Le reazioni locali oscillano nel considerare la cosa inconcepibile o addirittura falsa. Per il metropolita Nicola di Akhalkalaki: «Non credo che i servizi segreti russi abbiano rilasciato una dichiarazione del genere. Non li penso così sciocchi».
Iconografo, musicista e pater patriae
Difficilmente il successore potrà ottenere lo stesso prestigio raggiunto da Ilia II. Non tanto per la straordinaria lunghezza temporale del suo servizio o per le sue spiccata doti personali (iconografo e musicista), quanto per i risultati a cui ho portato la Chiesa ortodossa: crescita istituzionale, riconoscimento legale del suo ruolo nella vita della nazione, piena autocefalia, grande rispetto dalle altre Chiese cristiane.
Quando divenne patriarca, nel 1977, Ilia poteva contare su 15 diocesi e 40 chiese “attive”. Oggi le diocesi sono 43, 2.000 le parrocchie, 3.000 i chierici e i preti formati in numerosi istituti e accademie. Ha editato una Bibbia in georgiano rinnovando il patrimonio musicale (oltre alle sue opere la riscoperta dell’antica musica georgiana negli anni ‘80) e liturgico.
Dal punto di vista politico Ilia è sceso in piazza nel 1989 per manifestare contro la dominazione sovietica ma anche per garantire l’ordine, invitando quanti prolungavano la manifestazione a rifugiarsi in chiesa per evitare il peggio. Questo equilibrio lo ha reso credibile anche nei disordini successivi, durante la guerra contro la Russia per l’Abkazia e l’Ossezia (2008) e negli scontri interni. Nel 2002 raggiunge con il presidente Eduard Shevardnadze una intesa su una legge per garantire alla Chiesa uno statuto legale in ragione del suo ruolo nella storia e nella società georgiana.
La Chiesa riconosce le proprie origini nel terzo secolo e nell’VIII risulta una provincia dipendente dal patriarcato di Antiochia. Il suo metropolita riceve il titolo di Katholikos e la Chiesa vive di fatto una piena autonomia fino 1811 quando viene annessa alla Russia e sottoposta alla Chiesa moscovita. Torna la domanda di autocefalia nel 1917 ma riceve il consenso da Mosca solo nel 1943 e da Costantinopoli nel 1990 grazie all’opera di Ilia II. Assieme alla Chiesa russa quella georgiana non ha partecipato al Concilio di Creta nel 2016. Ilia ha preso distanza dall’indirizzo del Consiglio ecumenico delle Chiese in ragione delle tensioni interne alla sua Chiesa, ma era stato co-presidente dal 1978 al 1983 e ha ricevuto con cordialità la visita di papa Francesco nel 2016.

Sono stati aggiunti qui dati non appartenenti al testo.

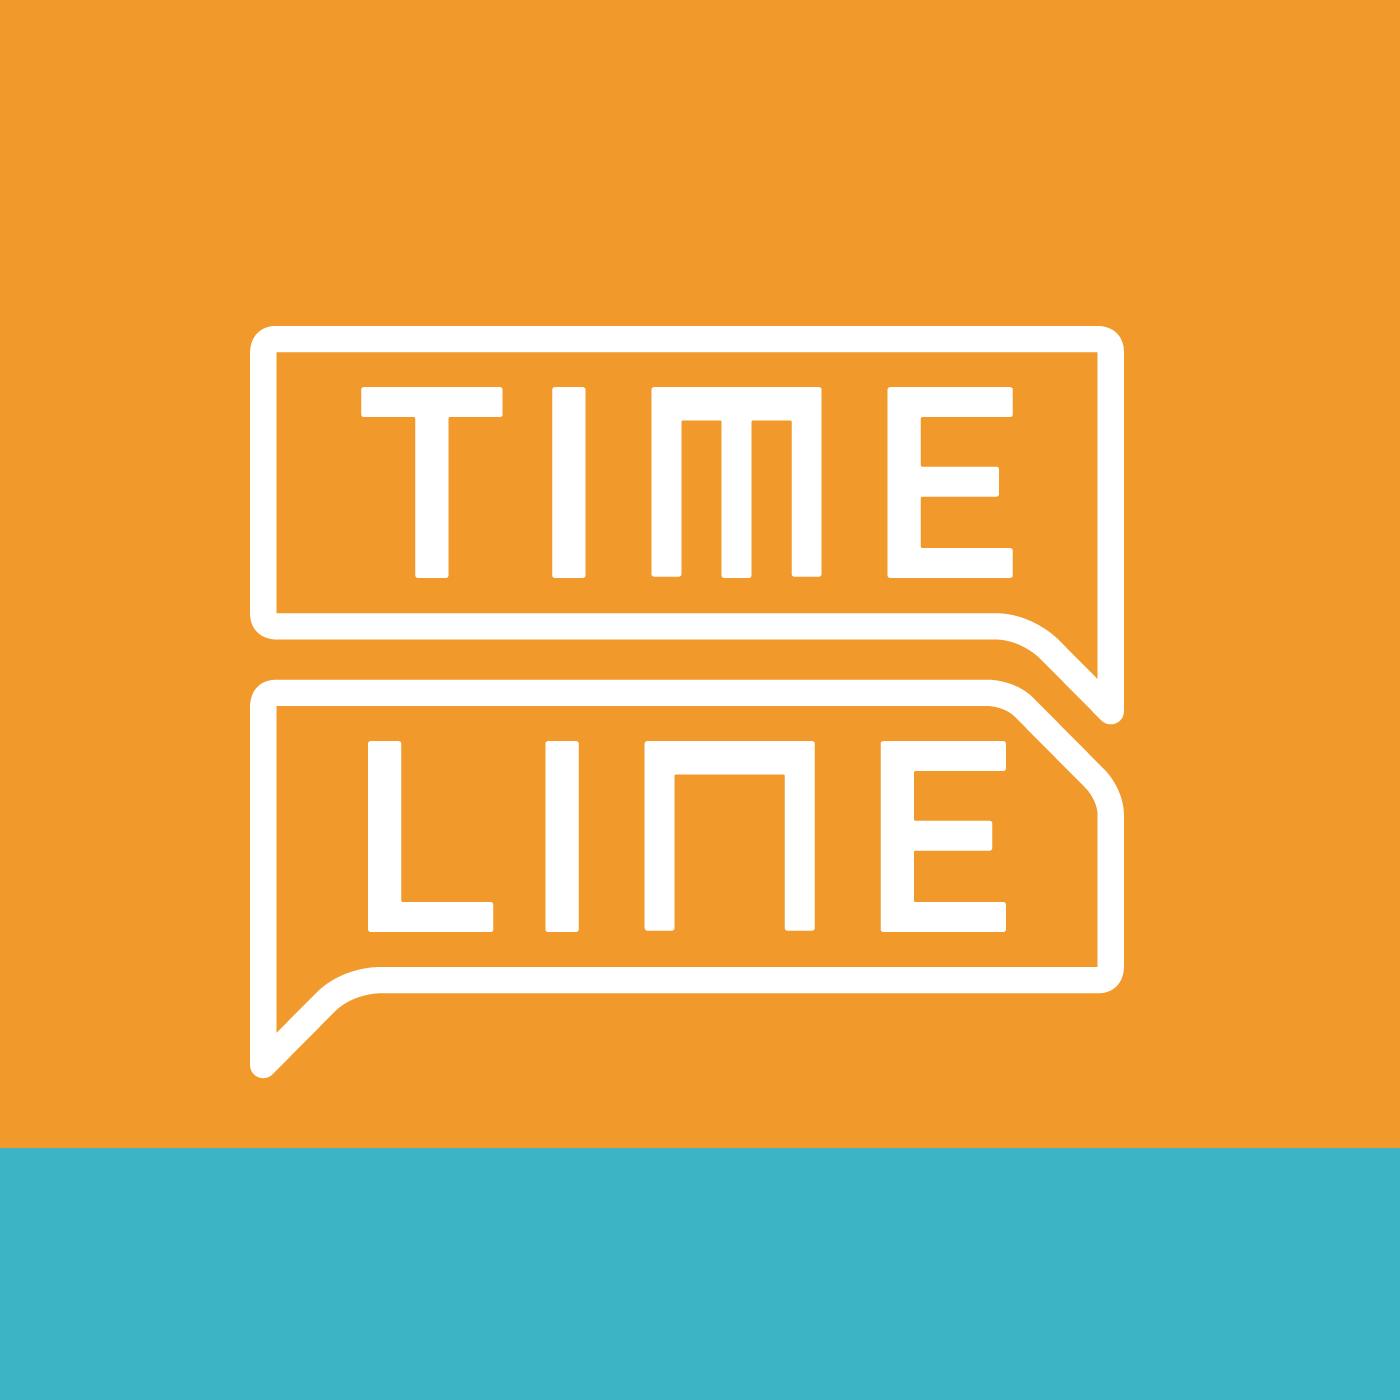 Timeline Gaúcha - 21/07/2016

Alle sue esequie e ai suoi funerali ha assistito una folla innumerevole di persone e davanti alle sue spoglie mortali si sono succedute tutte le autorità del paese oltre che molti esponenti delle Chiese cristiane. Presiedendo la celebrazione funebre il patriarca di Costantinopoli, Bartolomeo, ha qualificato Ilia come saggio e degno pastore, consigliere delle più alte cariche dello stato, colui «che ha identificato il proprio nome con la Chiesa e la nazione».